> Assignment
Reproduce all entries word for word.

> Recorded information
+--
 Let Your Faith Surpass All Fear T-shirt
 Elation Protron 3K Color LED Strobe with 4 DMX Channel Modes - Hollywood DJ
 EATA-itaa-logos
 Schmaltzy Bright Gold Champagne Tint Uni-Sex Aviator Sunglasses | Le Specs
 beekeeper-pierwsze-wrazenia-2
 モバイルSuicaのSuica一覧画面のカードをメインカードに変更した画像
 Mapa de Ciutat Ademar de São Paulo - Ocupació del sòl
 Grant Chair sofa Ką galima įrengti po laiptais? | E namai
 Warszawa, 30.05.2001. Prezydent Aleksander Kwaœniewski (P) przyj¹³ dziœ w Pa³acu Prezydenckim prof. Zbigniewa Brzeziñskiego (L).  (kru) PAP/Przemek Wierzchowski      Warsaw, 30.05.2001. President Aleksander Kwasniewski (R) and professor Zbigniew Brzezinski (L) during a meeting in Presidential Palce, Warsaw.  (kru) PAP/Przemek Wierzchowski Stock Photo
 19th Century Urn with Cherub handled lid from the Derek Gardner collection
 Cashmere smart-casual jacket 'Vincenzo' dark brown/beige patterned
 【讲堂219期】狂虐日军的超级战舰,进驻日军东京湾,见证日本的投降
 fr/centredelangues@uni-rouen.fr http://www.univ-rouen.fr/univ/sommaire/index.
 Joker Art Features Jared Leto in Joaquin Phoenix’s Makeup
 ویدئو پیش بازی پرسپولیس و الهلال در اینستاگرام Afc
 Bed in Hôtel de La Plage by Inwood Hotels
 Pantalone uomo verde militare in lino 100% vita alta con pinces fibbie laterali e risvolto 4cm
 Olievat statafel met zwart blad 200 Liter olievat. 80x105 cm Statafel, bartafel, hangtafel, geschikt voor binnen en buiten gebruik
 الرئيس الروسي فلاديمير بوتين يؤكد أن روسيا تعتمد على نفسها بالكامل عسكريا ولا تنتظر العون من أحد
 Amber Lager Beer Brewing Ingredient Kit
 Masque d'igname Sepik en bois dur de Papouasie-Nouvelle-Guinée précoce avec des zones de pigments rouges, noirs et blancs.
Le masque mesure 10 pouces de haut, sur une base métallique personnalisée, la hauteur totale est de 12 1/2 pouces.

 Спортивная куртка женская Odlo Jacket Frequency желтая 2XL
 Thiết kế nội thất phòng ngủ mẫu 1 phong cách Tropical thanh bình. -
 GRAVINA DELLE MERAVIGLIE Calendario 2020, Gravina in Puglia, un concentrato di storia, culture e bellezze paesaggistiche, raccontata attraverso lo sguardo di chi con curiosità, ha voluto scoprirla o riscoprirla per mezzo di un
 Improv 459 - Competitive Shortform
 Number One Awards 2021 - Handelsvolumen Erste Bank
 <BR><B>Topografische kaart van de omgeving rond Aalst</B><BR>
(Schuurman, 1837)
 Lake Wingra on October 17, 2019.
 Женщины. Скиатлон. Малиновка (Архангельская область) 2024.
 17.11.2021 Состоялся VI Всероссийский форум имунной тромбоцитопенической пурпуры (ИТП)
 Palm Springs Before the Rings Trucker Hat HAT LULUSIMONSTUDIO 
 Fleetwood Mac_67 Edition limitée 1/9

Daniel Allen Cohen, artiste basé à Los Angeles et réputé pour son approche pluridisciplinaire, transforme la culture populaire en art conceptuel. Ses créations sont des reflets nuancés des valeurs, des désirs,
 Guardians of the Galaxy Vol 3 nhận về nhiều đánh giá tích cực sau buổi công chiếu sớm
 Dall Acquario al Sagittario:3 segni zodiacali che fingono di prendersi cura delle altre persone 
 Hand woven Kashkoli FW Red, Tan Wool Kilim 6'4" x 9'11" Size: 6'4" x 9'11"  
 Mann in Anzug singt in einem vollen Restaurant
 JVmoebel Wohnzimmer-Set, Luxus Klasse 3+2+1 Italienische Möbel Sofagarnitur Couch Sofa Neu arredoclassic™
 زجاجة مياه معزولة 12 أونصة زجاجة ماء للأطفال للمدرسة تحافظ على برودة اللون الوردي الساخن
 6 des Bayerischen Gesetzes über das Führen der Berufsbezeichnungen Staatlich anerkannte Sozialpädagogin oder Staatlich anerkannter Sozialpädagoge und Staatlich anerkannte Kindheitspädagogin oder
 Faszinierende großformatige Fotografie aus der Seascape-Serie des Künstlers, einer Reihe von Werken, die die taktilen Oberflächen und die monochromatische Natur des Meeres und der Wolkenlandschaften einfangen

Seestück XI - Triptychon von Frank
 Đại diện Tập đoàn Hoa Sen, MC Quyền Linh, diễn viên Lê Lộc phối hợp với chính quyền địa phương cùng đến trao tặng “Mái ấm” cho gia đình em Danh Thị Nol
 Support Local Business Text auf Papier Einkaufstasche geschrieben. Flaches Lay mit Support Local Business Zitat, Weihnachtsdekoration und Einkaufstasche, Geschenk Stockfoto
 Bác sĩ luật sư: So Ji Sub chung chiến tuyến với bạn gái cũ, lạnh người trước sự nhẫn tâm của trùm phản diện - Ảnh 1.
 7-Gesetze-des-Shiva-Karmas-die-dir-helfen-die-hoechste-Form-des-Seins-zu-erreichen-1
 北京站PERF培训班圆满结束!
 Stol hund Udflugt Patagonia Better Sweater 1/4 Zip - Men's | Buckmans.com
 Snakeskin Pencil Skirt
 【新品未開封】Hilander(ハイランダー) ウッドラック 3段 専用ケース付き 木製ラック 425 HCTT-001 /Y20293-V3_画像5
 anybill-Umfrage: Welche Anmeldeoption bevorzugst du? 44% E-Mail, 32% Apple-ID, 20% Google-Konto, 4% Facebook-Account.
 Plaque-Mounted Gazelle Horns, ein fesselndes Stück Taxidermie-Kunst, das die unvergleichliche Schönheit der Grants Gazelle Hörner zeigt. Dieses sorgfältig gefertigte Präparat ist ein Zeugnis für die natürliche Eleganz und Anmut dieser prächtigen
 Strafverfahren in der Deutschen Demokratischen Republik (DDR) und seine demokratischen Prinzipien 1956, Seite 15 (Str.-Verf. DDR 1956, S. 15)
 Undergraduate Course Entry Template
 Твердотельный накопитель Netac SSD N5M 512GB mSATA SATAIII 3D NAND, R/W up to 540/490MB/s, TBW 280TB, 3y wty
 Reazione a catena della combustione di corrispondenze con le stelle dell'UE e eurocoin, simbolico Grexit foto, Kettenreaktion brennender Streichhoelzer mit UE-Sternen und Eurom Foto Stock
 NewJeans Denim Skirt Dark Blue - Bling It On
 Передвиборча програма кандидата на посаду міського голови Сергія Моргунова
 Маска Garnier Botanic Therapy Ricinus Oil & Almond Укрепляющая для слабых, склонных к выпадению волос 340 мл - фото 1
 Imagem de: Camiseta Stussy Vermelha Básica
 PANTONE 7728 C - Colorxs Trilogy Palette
+--
> Output for this task
 Let Your Faith Surpass All Fear T-shirt
 Elation Protron 3K Color LED Strobe with 4 DMX Channel Modes - Hollywood DJ
 EATA-itaa-logos
 Schmaltzy Bright Gold Champagne Tint Uni-Sex Aviator Sunglasses | Le Specs
 beekeeper-pierwsze-wrazenia-2
 モバイルSuicaのSuica一覧画面のカードをメインカードに変更した画像
 Mapa de Ciutat Ademar de São Paulo - Ocupació del sòl
 Grant Chair sofa Ką galima įrengti po laiptais? | E namai
 Warszawa, 30.05.2001. Prezydent Aleksander Kwaœniewski (P) przyj¹³ dziœ w Pa³acu Prezydenckim prof. Zbigniewa Brzeziñskiego (L).  (kru) PAP/Przemek Wierzchowski      Warsaw, 30.05.2001. President Aleksander Kwasniewski (R) and professor Zbigniew Brzezinski (L) during a meeting in Presidential Palce, Warsaw.  (kru) PAP/Przemek Wierzchowski Stock Photo
 19th Century Urn with Cherub handled lid from the Derek Gardner collection
 Cashmere smart-casual jacket 'Vincenzo' dark brown/beige patterned
 【讲堂219期】狂虐日军的超级战舰,进驻日军东京湾,见证日本的投降
 fr/centredelangues@uni-rouen.fr http://www.univ-rouen.fr/univ/sommaire/index.
 Joker Art Features Jared Leto in Joaquin Phoenix’s Makeup
 ویدئو پیش بازی پرسپولیس و الهلال در اینستاگرام Afc
 Bed in Hôtel de La Plage by Inwood Hotels
 Pantalone uomo verde militare in lino 100% vita alta con pinces fibbie laterali e risvolto 4cm
 Olievat statafel met zwart blad 200 Liter olievat. 80x105 cm Statafel, bartafel, hangtafel, geschikt voor binnen en buiten gebruik
 الرئيس الروسي فلاديمير بوتين يؤكد أن روسيا تعتمد على نفسها بالكامل عسكريا ولا تنتظر العون من أحد
 Amber Lager Beer Brewing Ingredient Kit
 Masque d'igname Sepik en bois dur de Papouasie-Nouvelle-Guinée précoce avec des zones de pigments rouges, noirs et blancs.
Le masque mesure 10 pouces de haut, sur une base métallique personnalisée, la hauteur totale est de 12 1/2 pouces.

 Спортивная куртка женская Odlo Jacket Frequency желтая 2XL
 Thiết kế nội thất phòng ngủ mẫu 1 phong cách Tropical thanh bình. -
 GRAVINA DELLE MERAVIGLIE Calendario 2020, Gravina in Puglia, un concentrato di storia, culture e bellezze paesaggistiche, raccontata attraverso lo sguardo di chi con curiosità, ha voluto scoprirla o riscoprirla per mezzo di un
 Improv 459 - Competitive Shortform
 Number One Awards 2021 - Handelsvolumen Erste Bank
 <BR><B>Topografische kaart van de omgeving rond Aalst</B><BR>
(Schuurman, 1837)
 Lake Wingra on October 17, 2019.
 Женщины. Скиатлон. Малиновка (Архангельская область) 2024.
 17.11.2021 Состоялся VI Всероссийский форум имунной тромбоцитопенической пурпуры (ИТП)
 Palm Springs Before the Rings Trucker Hat HAT LULUSIMONSTUDIO 
 Fleetwood Mac_67 Edition limitée 1/9

Daniel Allen Cohen, artiste basé à Los Angeles et réputé pour son approche pluridisciplinaire, transforme la culture populaire en art conceptuel. Ses créations sont des reflets nuancés des valeurs, des désirs,
 Guardians of the Galaxy Vol 3 nhận về nhiều đánh giá tích cực sau buổi công chiếu sớm
 Dall Acquario al Sagittario:3 segni zodiacali che fingono di prendersi cura delle altre persone 
 Hand woven Kashkoli FW Red, Tan Wool Kilim 6'4" x 9'11" Size: 6'4" x 9'11"  
 Mann in Anzug singt in einem vollen Restaurant
 JVmoebel Wohnzimmer-Set, Luxus Klasse 3+2+1 Italienische Möbel Sofagarnitur Couch Sofa Neu arredoclassic™
 زجاجة مياه معزولة 12 أونصة زجاجة ماء للأطفال للمدرسة تحافظ على برودة اللون الوردي الساخن
 6 des Bayerischen Gesetzes über das Führen der Berufsbezeichnungen Staatlich anerkannte Sozialpädagogin oder Staatlich anerkannter Sozialpädagoge und Staatlich anerkannte Kindheitspädagogin oder
 Faszinierende großformatige Fotografie aus der Seascape-Serie des Künstlers, einer Reihe von Werken, die die taktilen Oberflächen und die monochromatische Natur des Meeres und der Wolkenlandschaften einfangen

Seestück XI - Triptychon von Frank
 Đại diện Tập đoàn Hoa Sen, MC Quyền Linh, diễn viên Lê Lộc phối hợp với chính quyền địa phương cùng đến trao tặng “Mái ấm” cho gia đình em Danh Thị Nol
 Support Local Business Text auf Papier Einkaufstasche geschrieben. Flaches Lay mit Support Local Business Zitat, Weihnachtsdekoration und Einkaufstasche, Geschenk Stockfoto
 Bác sĩ luật sư: So Ji Sub chung chiến tuyến với bạn gái cũ, lạnh người trước sự nhẫn tâm của trùm phản diện - Ảnh 1.
 7-Gesetze-des-Shiva-Karmas-die-dir-helfen-die-hoechste-Form-des-Seins-zu-erreichen-1
 北京站PERF培训班圆满结束!
 Stol hund Udflugt Patagonia Better Sweater 1/4 Zip - Men's | Buckmans.com
 Snakeskin Pencil Skirt
 【新品未開封】Hilander(ハイランダー) ウッドラック 3段 専用ケース付き 木製ラック 425 HCTT-001 /Y20293-V3_画像5
 anybill-Umfrage: Welche Anmeldeoption bevorzugst du? 44% E-Mail, 32% Apple-ID, 20% Google-Konto, 4% Facebook-Account.
 Plaque-Mounted Gazelle Horns, ein fesselndes Stück Taxidermie-Kunst, das die unvergleichliche Schönheit der Grants Gazelle Hörner zeigt. Dieses sorgfältig gefertigte Präparat ist ein Zeugnis für die natürliche Eleganz und Anmut dieser prächtigen
 Strafverfahren in der Deutschen Demokratischen Republik (DDR) und seine demokratischen Prinzipien 1956, Seite 15 (Str.-Verf. DDR 1956, S. 15)
 Undergraduate Course Entry Template
 Твердотельный накопитель Netac SSD N5M 512GB mSATA SATAIII 3D NAND, R/W up to 540/490MB/s, TBW 280TB, 3y wty
 Reazione a catena della combustione di corrispondenze con le stelle dell'UE e eurocoin, simbolico Grexit foto, Kettenreaktion brennender Streichhoelzer mit UE-Sternen und Eurom Foto Stock
 NewJeans Denim Skirt Dark Blue - Bling It On
 Передвиборча програма кандидата на посаду міського голови Сергія Моргунова
 Маска Garnier Botanic Therapy Ricinus Oil & Almond Укрепляющая для слабых, склонных к выпадению волос 340 мл - фото 1
 Imagem de: Camiseta Stussy Vermelha Básica
 PANTONE 7728 C - Colorxs Trilogy Palette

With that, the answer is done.